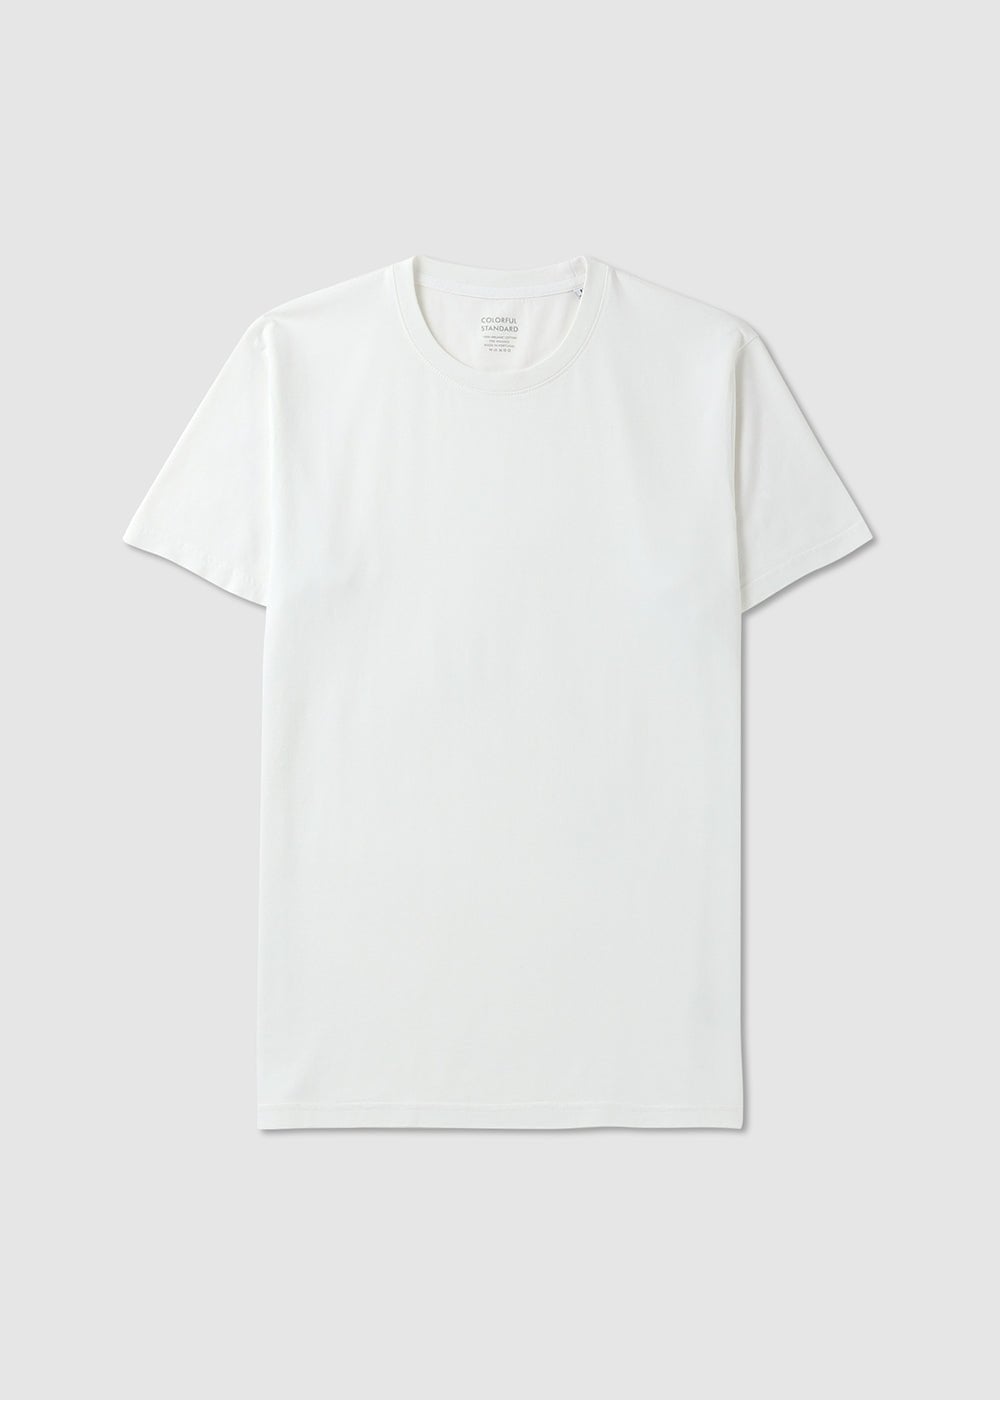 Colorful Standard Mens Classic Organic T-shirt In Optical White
---
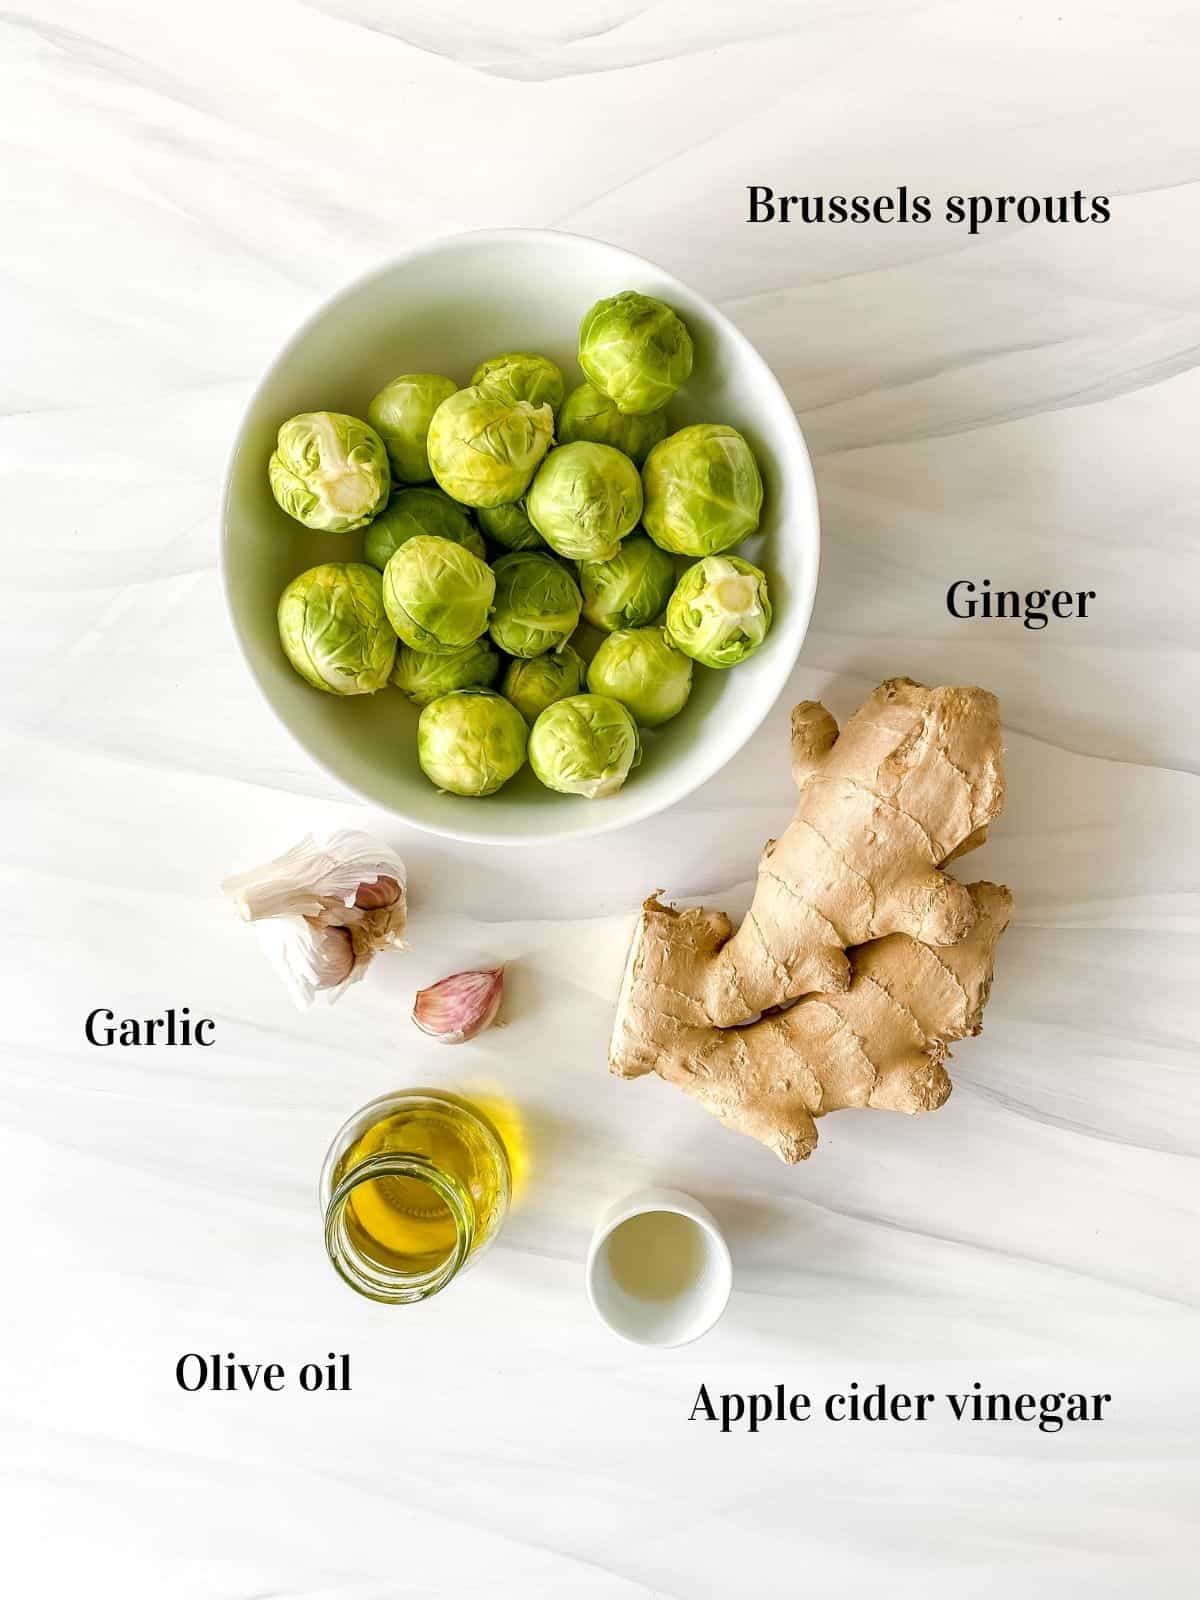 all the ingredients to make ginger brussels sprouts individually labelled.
...
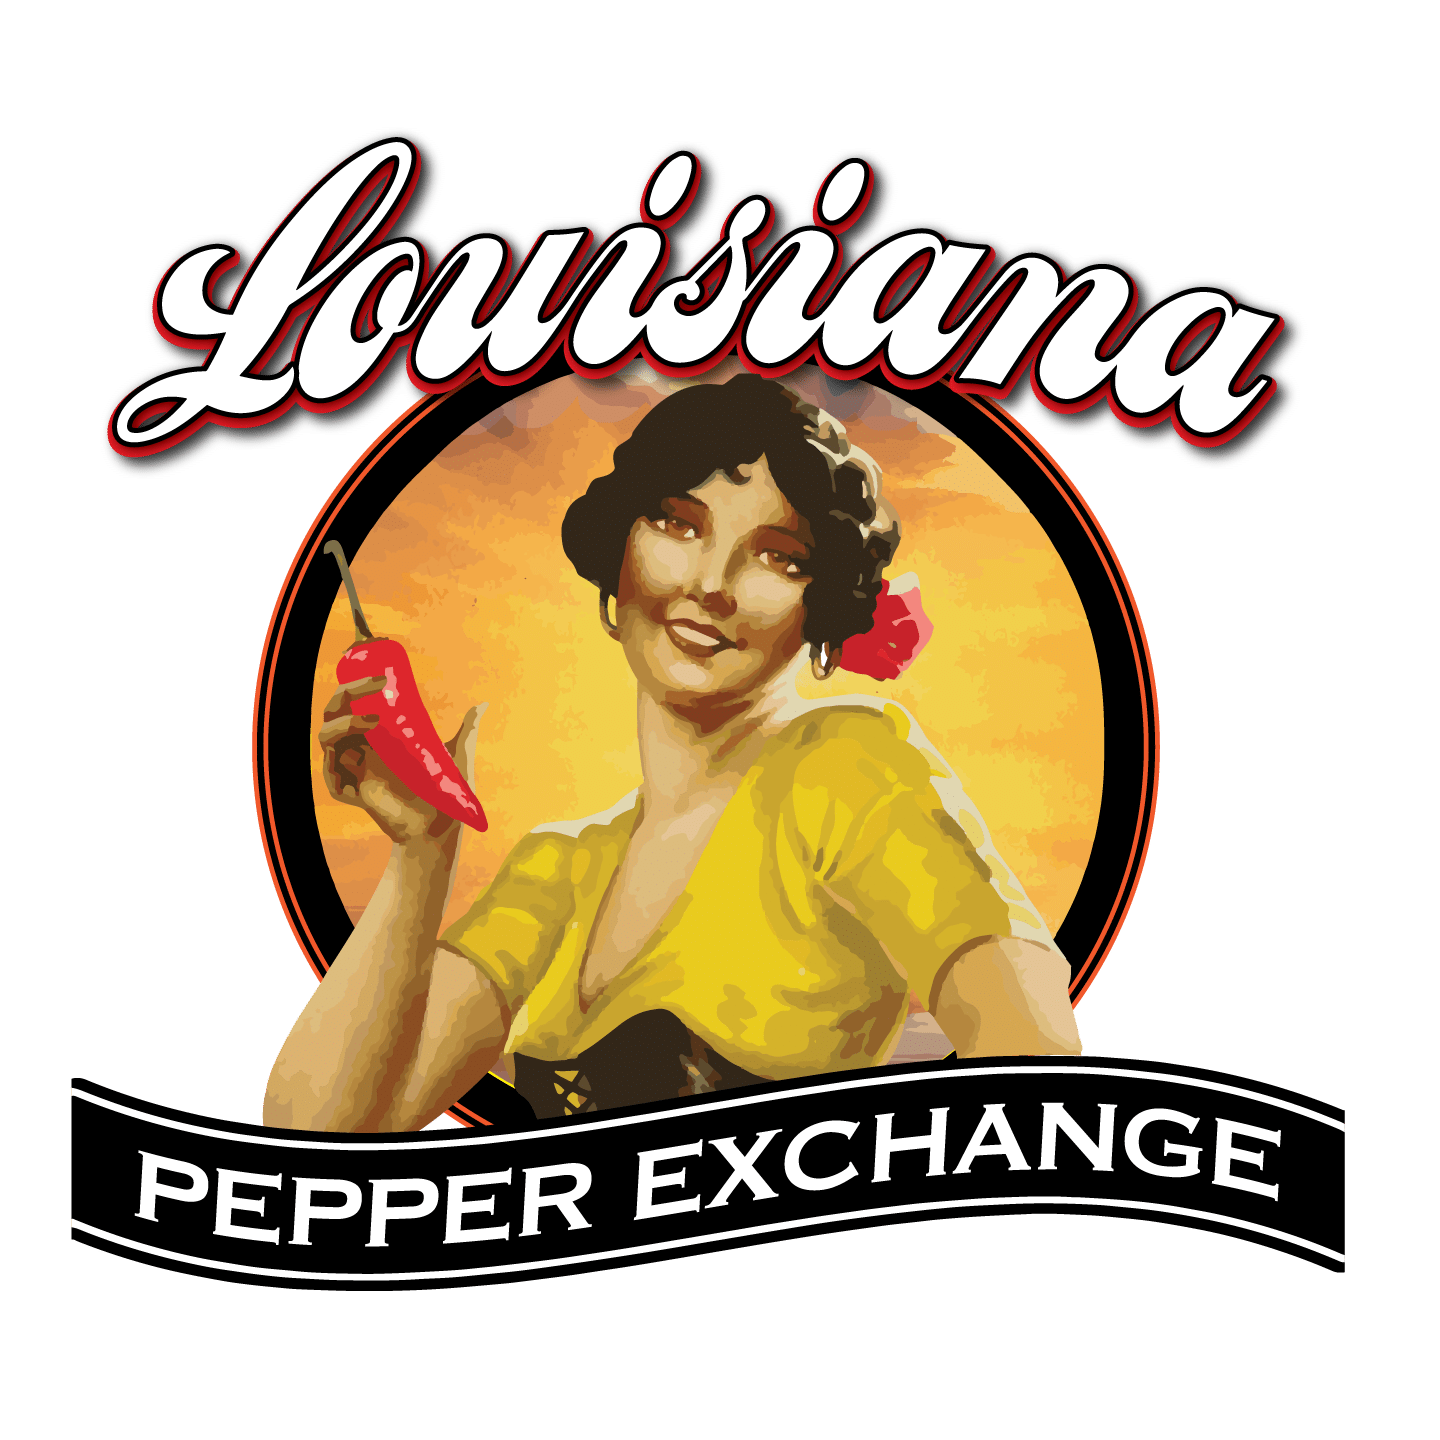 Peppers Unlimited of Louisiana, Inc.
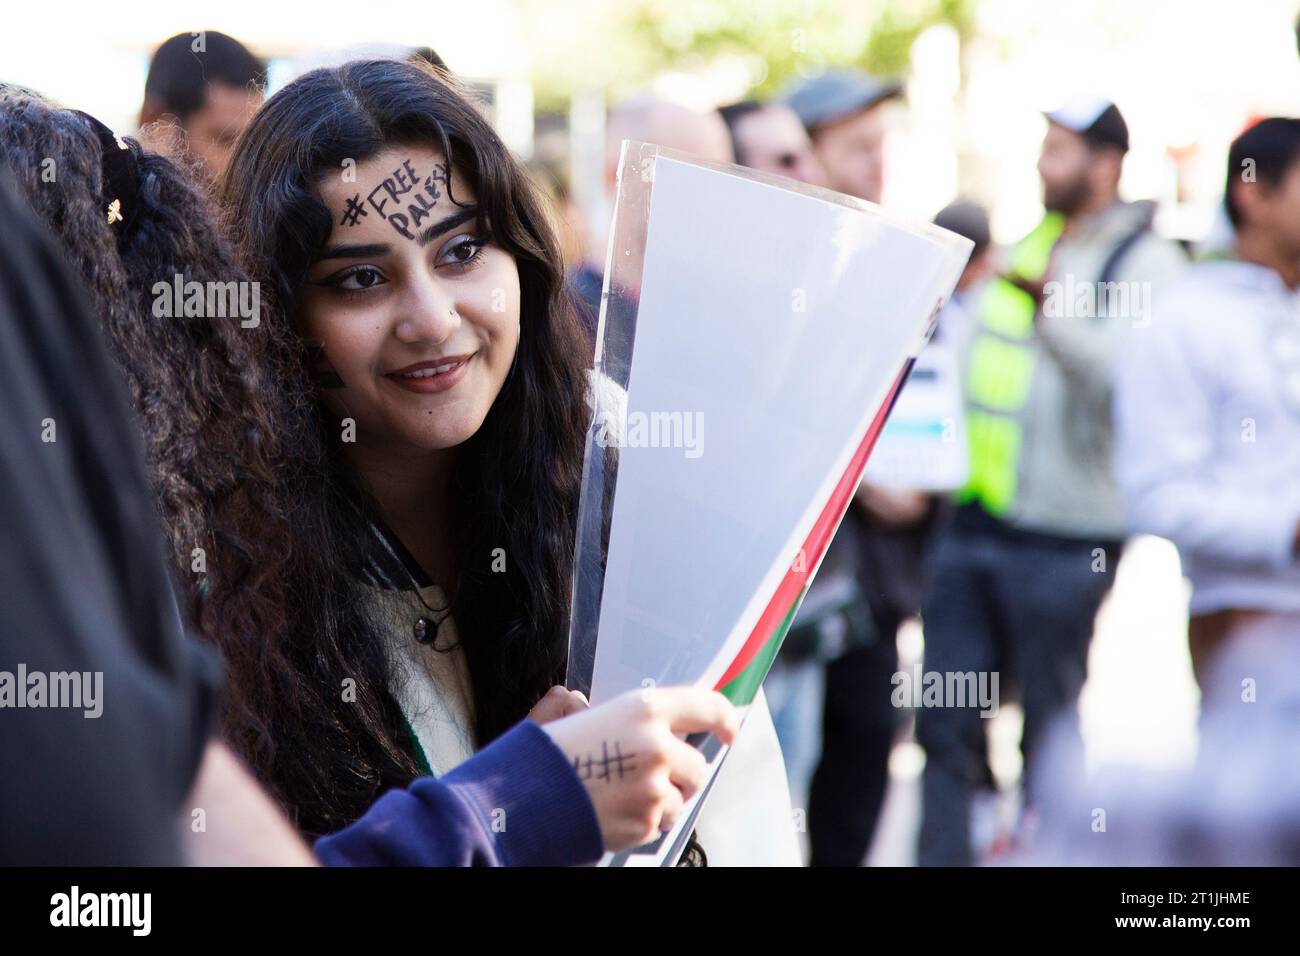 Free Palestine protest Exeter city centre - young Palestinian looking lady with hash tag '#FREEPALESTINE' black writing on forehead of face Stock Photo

## [Exercise objective]
Only one stretch of the entries above is needed: the lines from the one containing "Peppers Unlimited of Louisiana, Inc." through the one containing "Free Palestine protest". Copy it exactly, without the pictures.

## [Solution for this task]
 Peppers Unlimited of Louisiana, Inc.
 Free Palestine protest Exeter city centre - young Palestinian looking lady with hash tag '#FREEPALESTINE' black writing on forehead of face Stock Photo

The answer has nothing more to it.